Foals’ third album draws from an overly ambitious range of styles and genres, but is sure to secure the band’s position in the British rock mainstream for good, writes Piers Barber.
It is clear from the opening minutes of throbbing rocker ‘Prelude’ that Foals’ mean stadium-based business on third album, Holy Fire. Expressive and technically dexterous, the album’s first two singles represent some of the band’s finest work to date. First full track ‘Inhaler’ is a commendably unexpected launch pad, featuring a tasty bass-led groove that unexpectedly catapults into an astonishingly heavy chorus led by some crashing drums and venomous guitars.
Following track ‘My Number’ is ‘Inhaler’’s ultimate antithesis. Refreshingly unselfconscious, it is a bright funk-rock track led by some delicious, almost African-style guitar work. Full bodied and delectably groovy, it is a moment of unmatchable indie; the type of perfect pop that the band threatened to produce on their first album, Andidotes.
Neither track is highly reflective of the record’s general trends, however. ‘Inhaler’ is a particularly strange fit, by far the album’s heaviest song, challenged only by the discordant stomper, ‘Providence’.
Somewhat confusingly, Holy Fire plays host to a whole range of different styles. There is the touching ‘Milk and Black Spiders’, with its lush house-style crescendo that borrows heavily from house music, the cool new wave jam ‘Out of the Woods’, and the airy surf sing-along ‘Everytime’. The expansive, rich layers of the band’s occasionally excellent second album, Total Life Forever, are also prominent, with closing track ‘Moon’ attempting to replicate the near-perfect harmonies of ‘Spanish Sahara’.
Foals’ considerable technical talent mean they largely get away with consistent experimentation. The gorgeous funk-fuelled guitar breakdown at the end of ‘Late Night’, for example, saves an otherwise mediocre song. Yannis Philippakis’ trademark staccato guitar pickings and continually improving vocal powers remain consistent highlights, whilst new string and synthesiser layers are effectively interwoven so as to not sound forced.
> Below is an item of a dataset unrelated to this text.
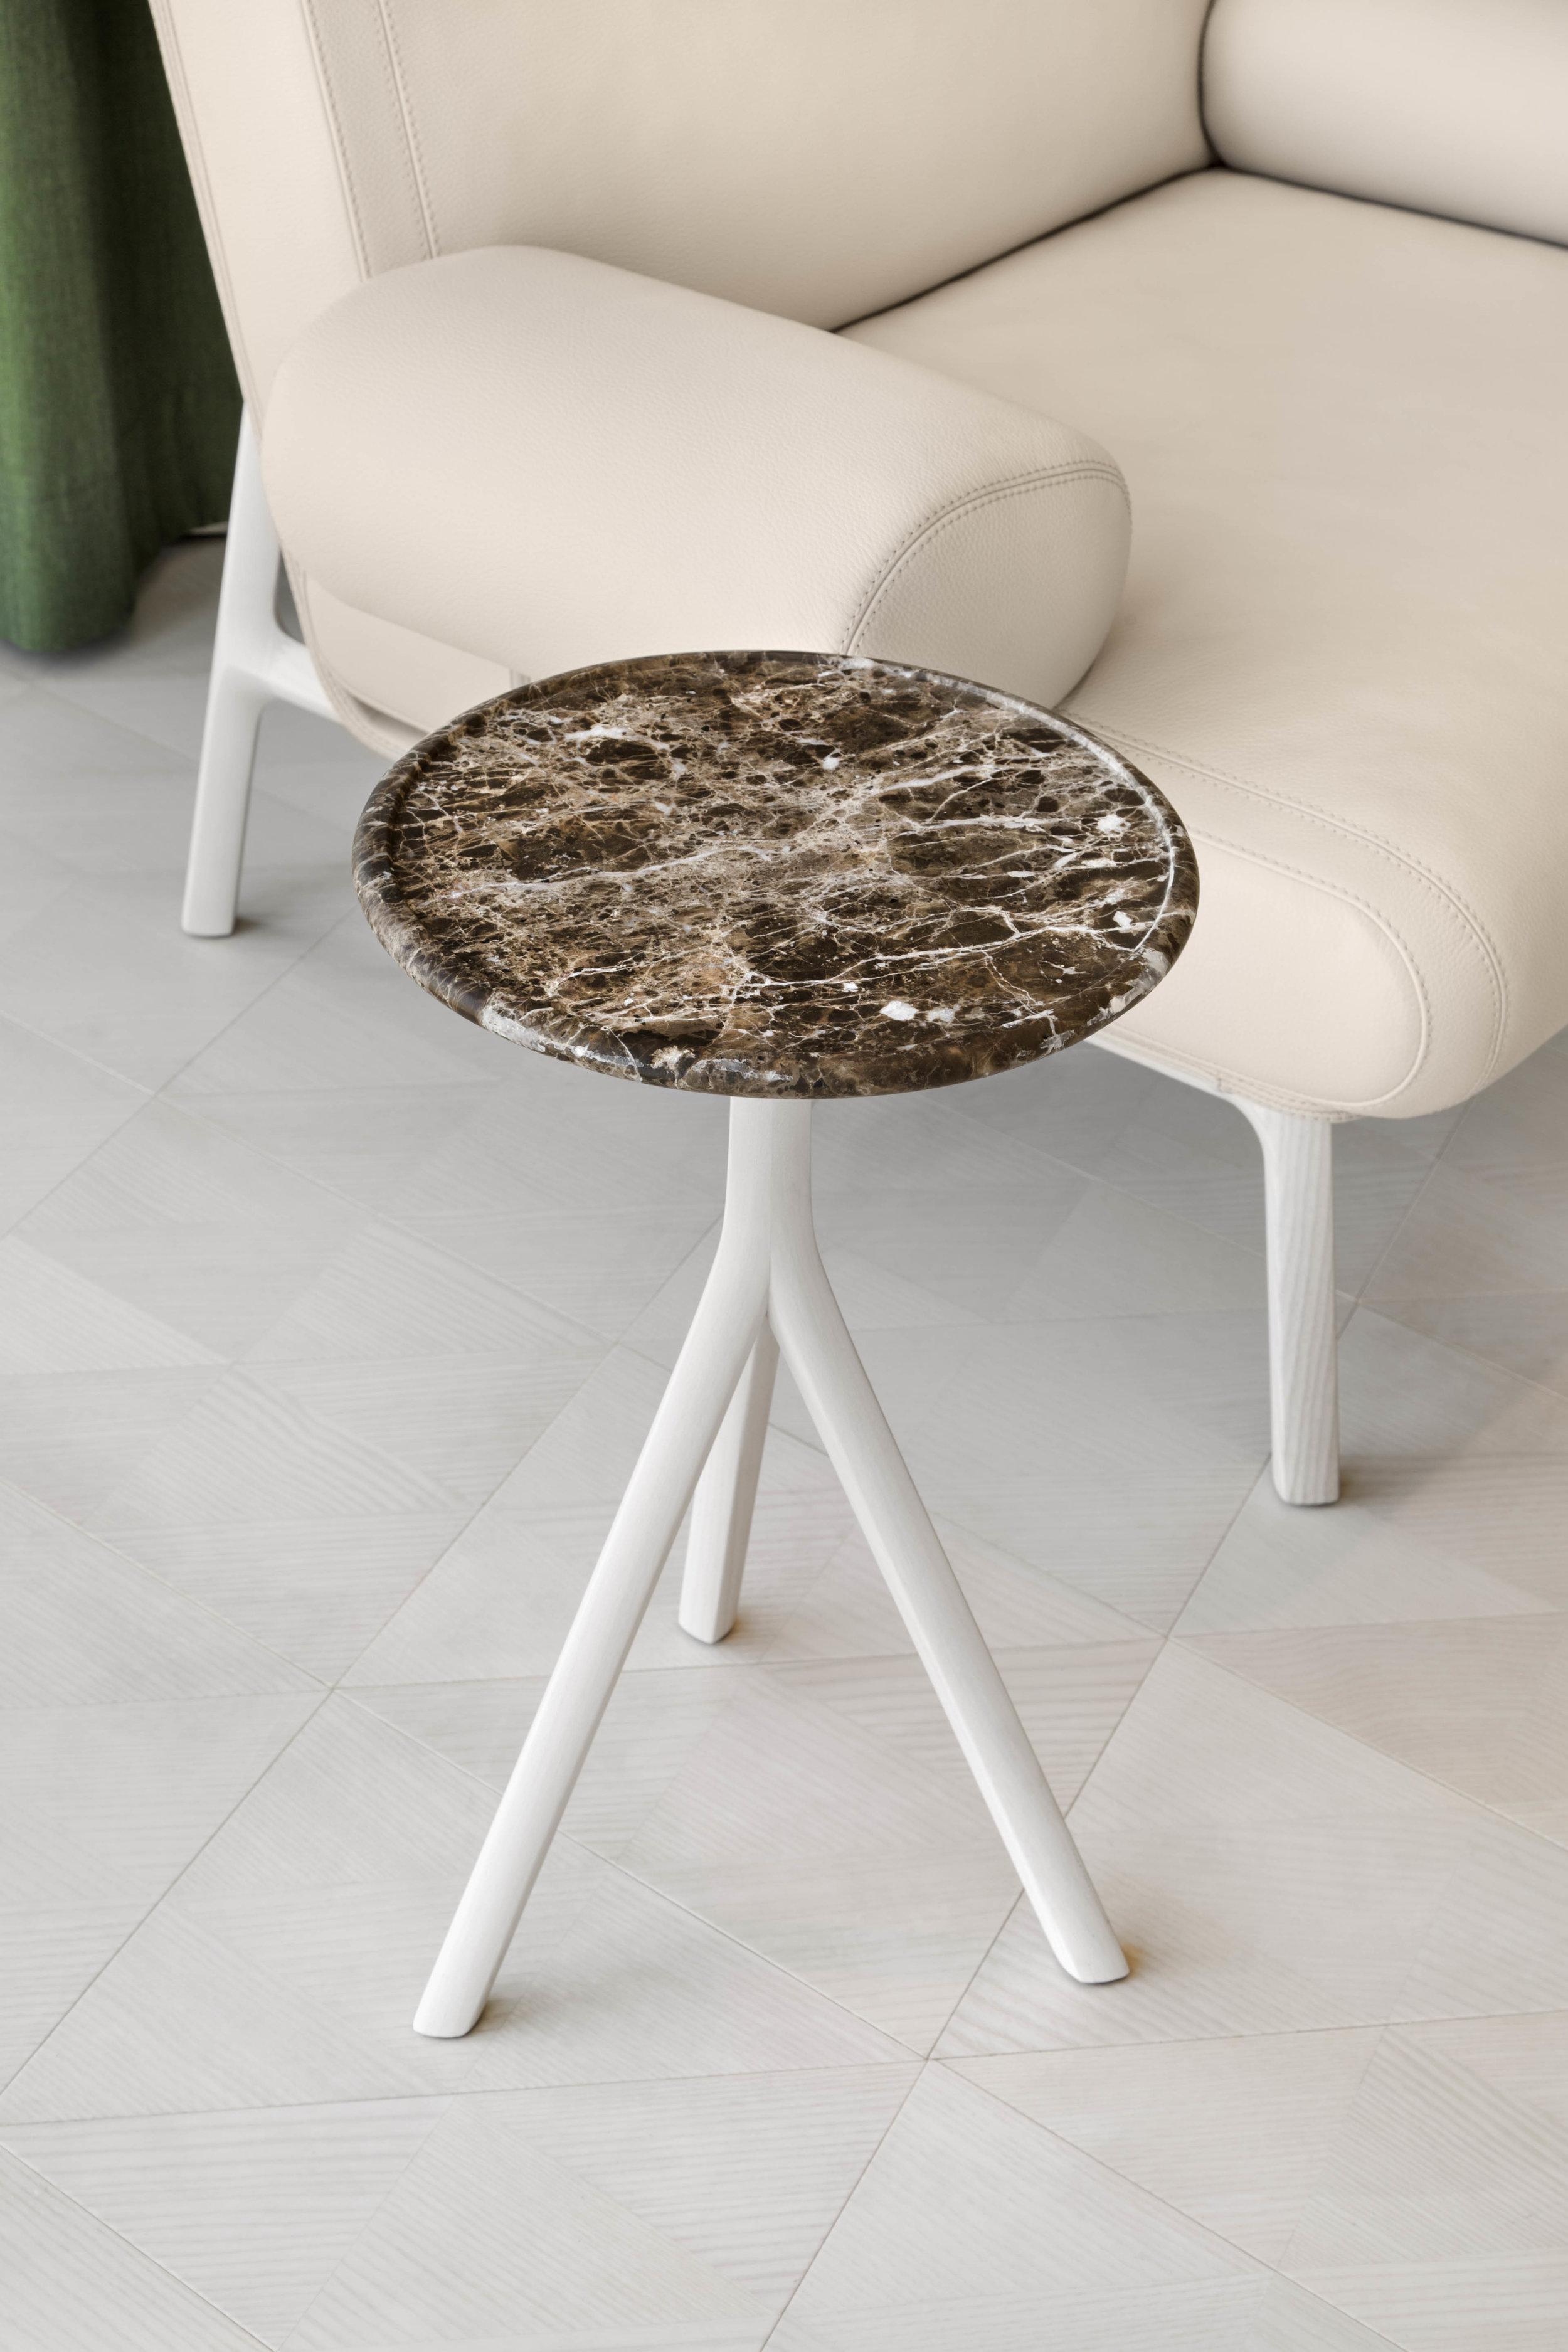 medeo-armchair_furniture-design_coordination-berlin_02.jpg

Occasionally, though, tracks like ‘Bad Habit’ push too strenuously for the mainstream, veering slightly close to Coldplay’s stadium-friendly melodies. There are some lyrical trip-ups, too, as with ‘Late Night’’s tired “I once was lost, but now I’m found”.
In its quest to achieve widespread appeal, Foals’ third full-length perhaps tries to achieve a little too much at once. Still, as host to some inspired singles and consistently excellent musicianship, it is sure to achieve it’s aim of deservedly securing the band a place in the mainstream for good.